How much money do you have in your investment accounts right now, Rob?
I rest my case.
It’s not possible for anyone to “lose out” by becoming informed as to what the last 43 years of peer-reviewed says about how stock investing works in the real world. Prices are set by markets. For investors to set prices properly, they need access to the information needed to make good choices. The peer-reviewed research is obviously critically important information. We all benefit when every investor is able to talk over the far-reaching implications of Shiller’s Nobel-prize-winning research at every site because permitting honest posting re the research permits us to do a better job of establishing stock prices.
Or so Rob Bennett sincerely believes, in any event.
Rob
Wrong. We have a living example of someone losing out. It is you. Your timing scheme didn’t work. Your opinions are not peer reviewed either.
If you hadn’t seen with your own eyes the power of my words to persuade long-time Buy-and-Holders to explore a new and better way to invest in stocks, you never would have insisted that I be banned at every site on the Internet.
I mean, come on
Rob
Rob, it doesn’t matter who you convince. The numbers matter. Your market timing scheme has never worked and you are broke. Isn’t actually a good thing people are not following your advice?
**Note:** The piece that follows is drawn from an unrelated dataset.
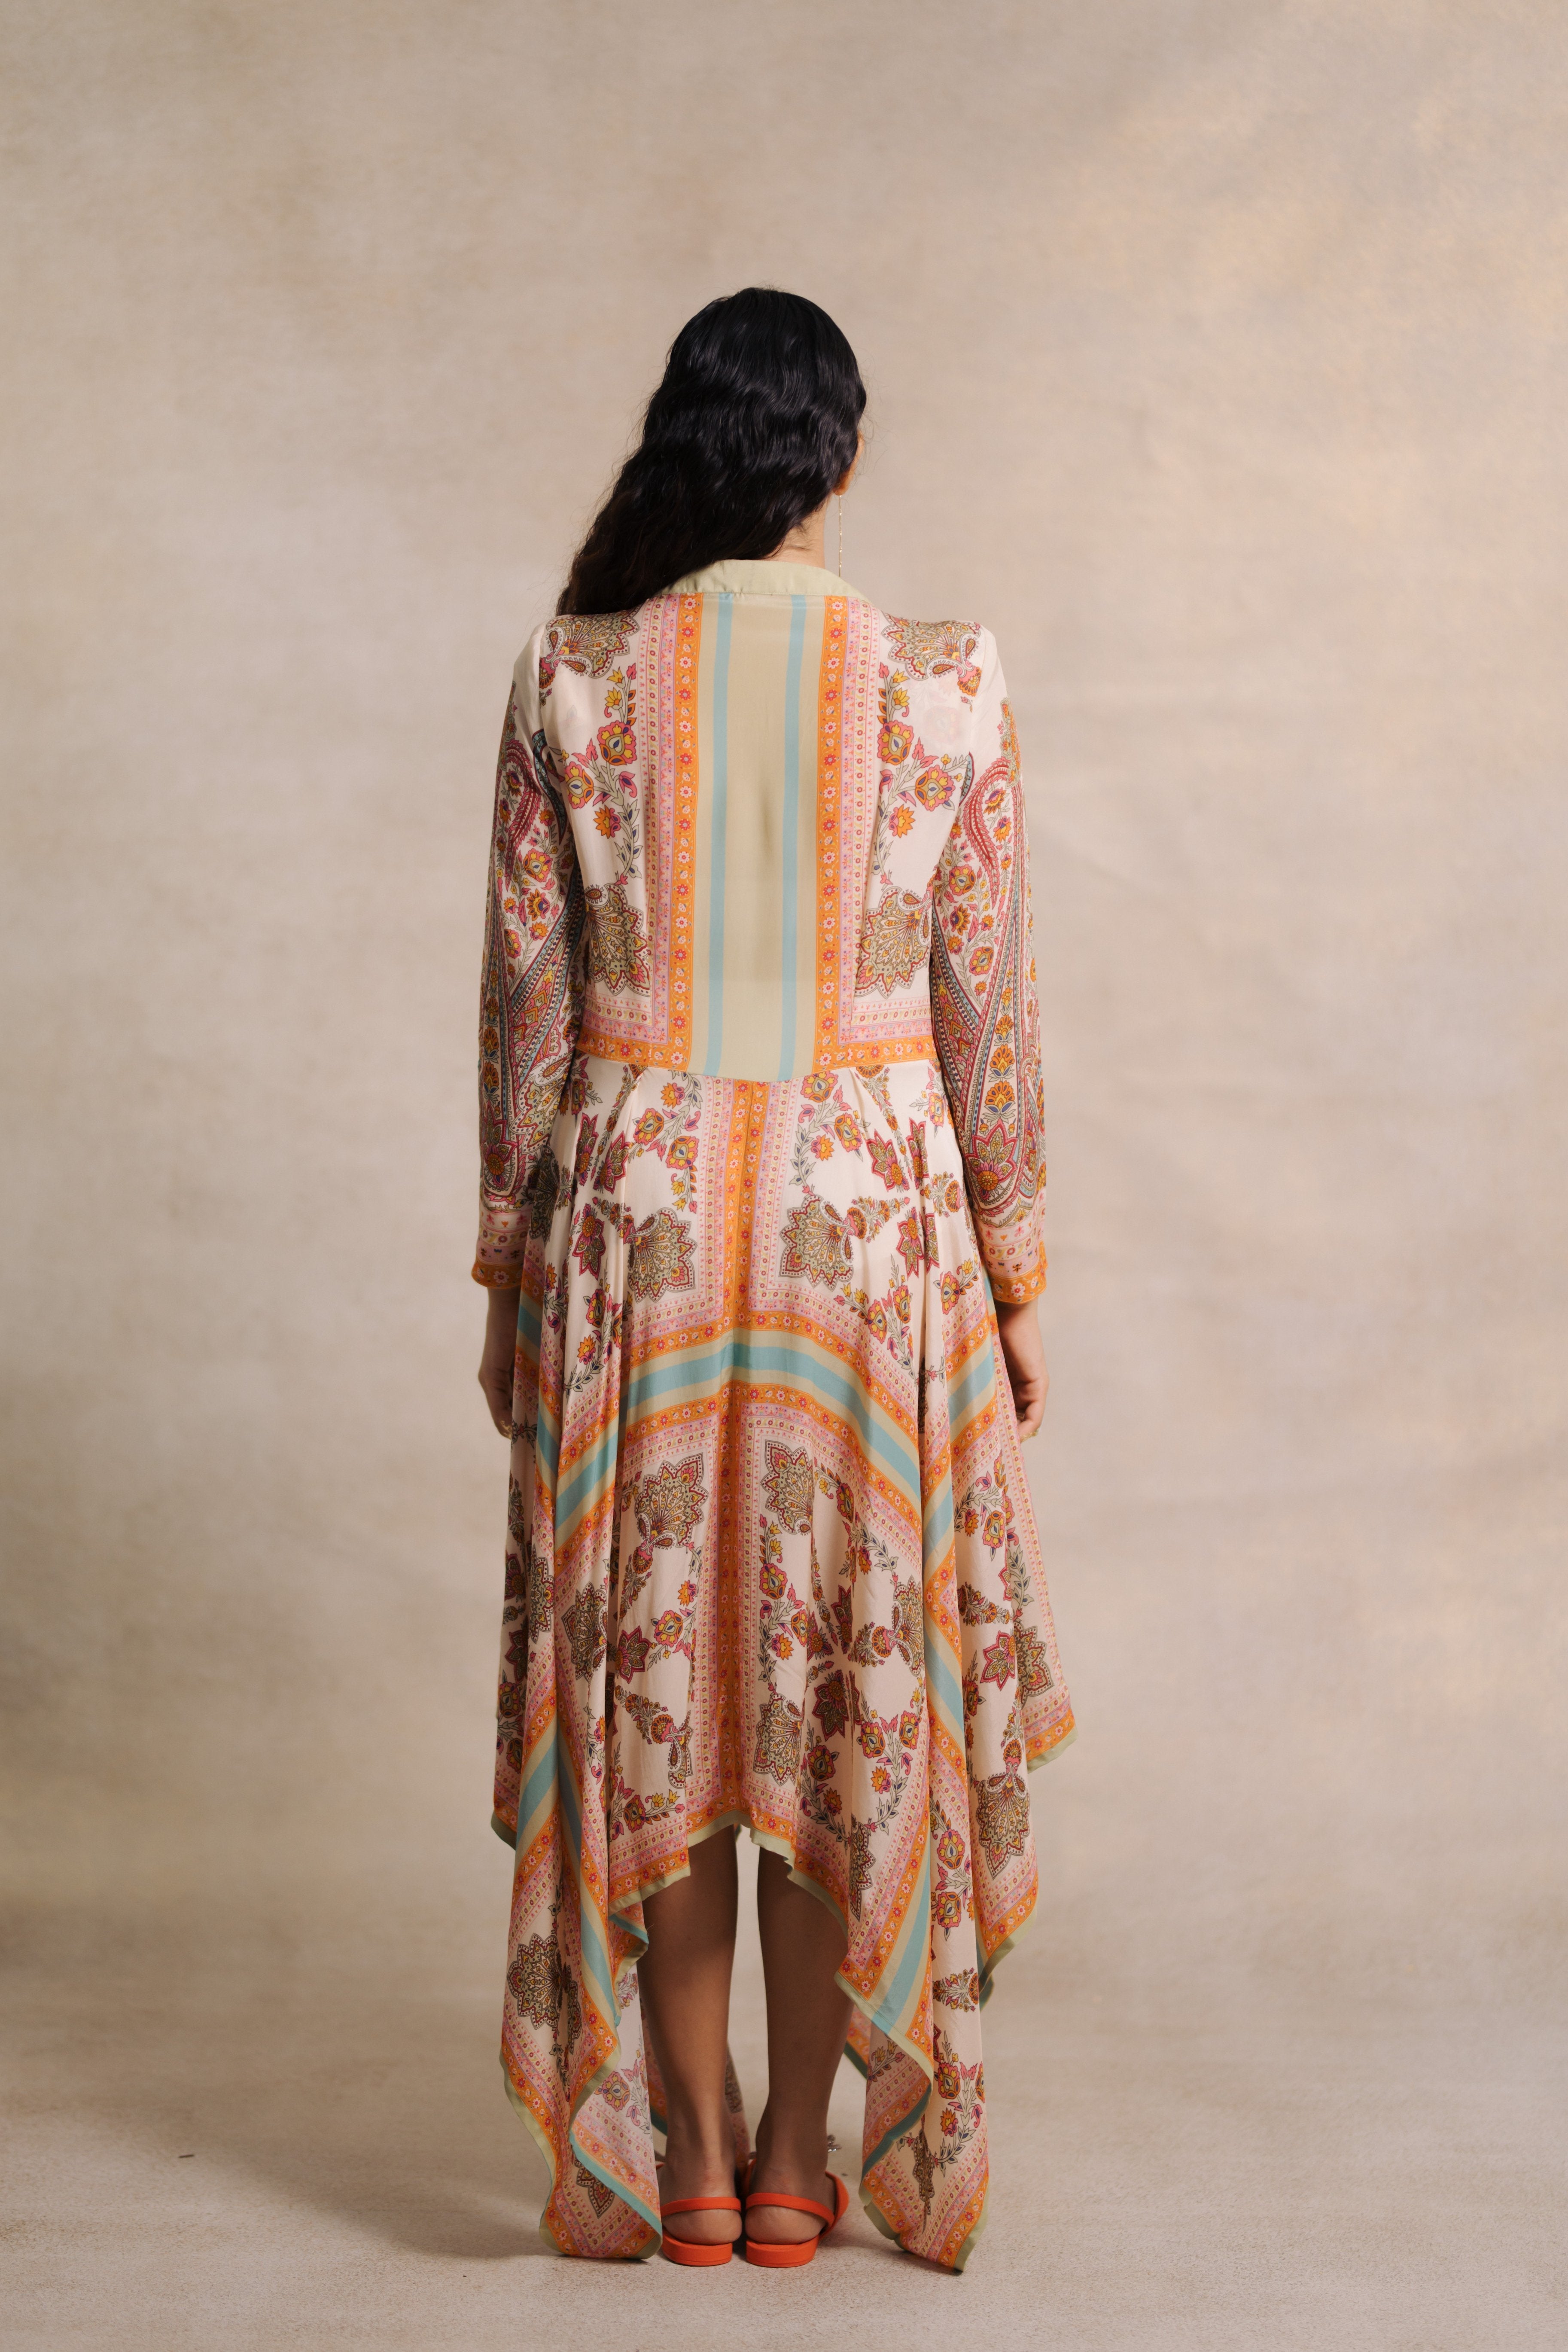 Sindh Dress

The Bennett/Pfau research shows that Valuation-Informed Indexing has been trouncing Buy-and-Hold for as long as there has been a market to invest in.
You have no way of knowing what the numbers show, You don’t adjust for irrational exuberance, as the last 43 years of peer-reviewed research shows is required to get the numbers right.
If we had opened every site to honest posting re the research on the afternoon of May 13, 2002, we never would have experienced the Great Recession of 2008. That would have been better. And the CAPE value today would not be anything even remotely in the neighborhood of 34. It would be something close to 17. That would be better.
And none of our discussion boards or blogs would have been destroyed as a result of your abusive posting. That would be better. And hundreds of people would have written books on Valuation-Informed Indexing over those 22 years, so as a nation of people we would be much farther along in our development of the Valuation-Informed Indexing concept. That would be better.
Rob
And your peer reviewed research opinion, along with your magical market timing system, gave you such a great retirement plan, right Rob? Gee, we wish we could be totally broke like you.
That’s emotion, Anonymous.
That’s what Shiller was getting at when he used the term “IRRATIONAL Exuberance.” The rational thing would be to want to get the numbers right in retirement studies, not to strike out at those who point our errors in the studies.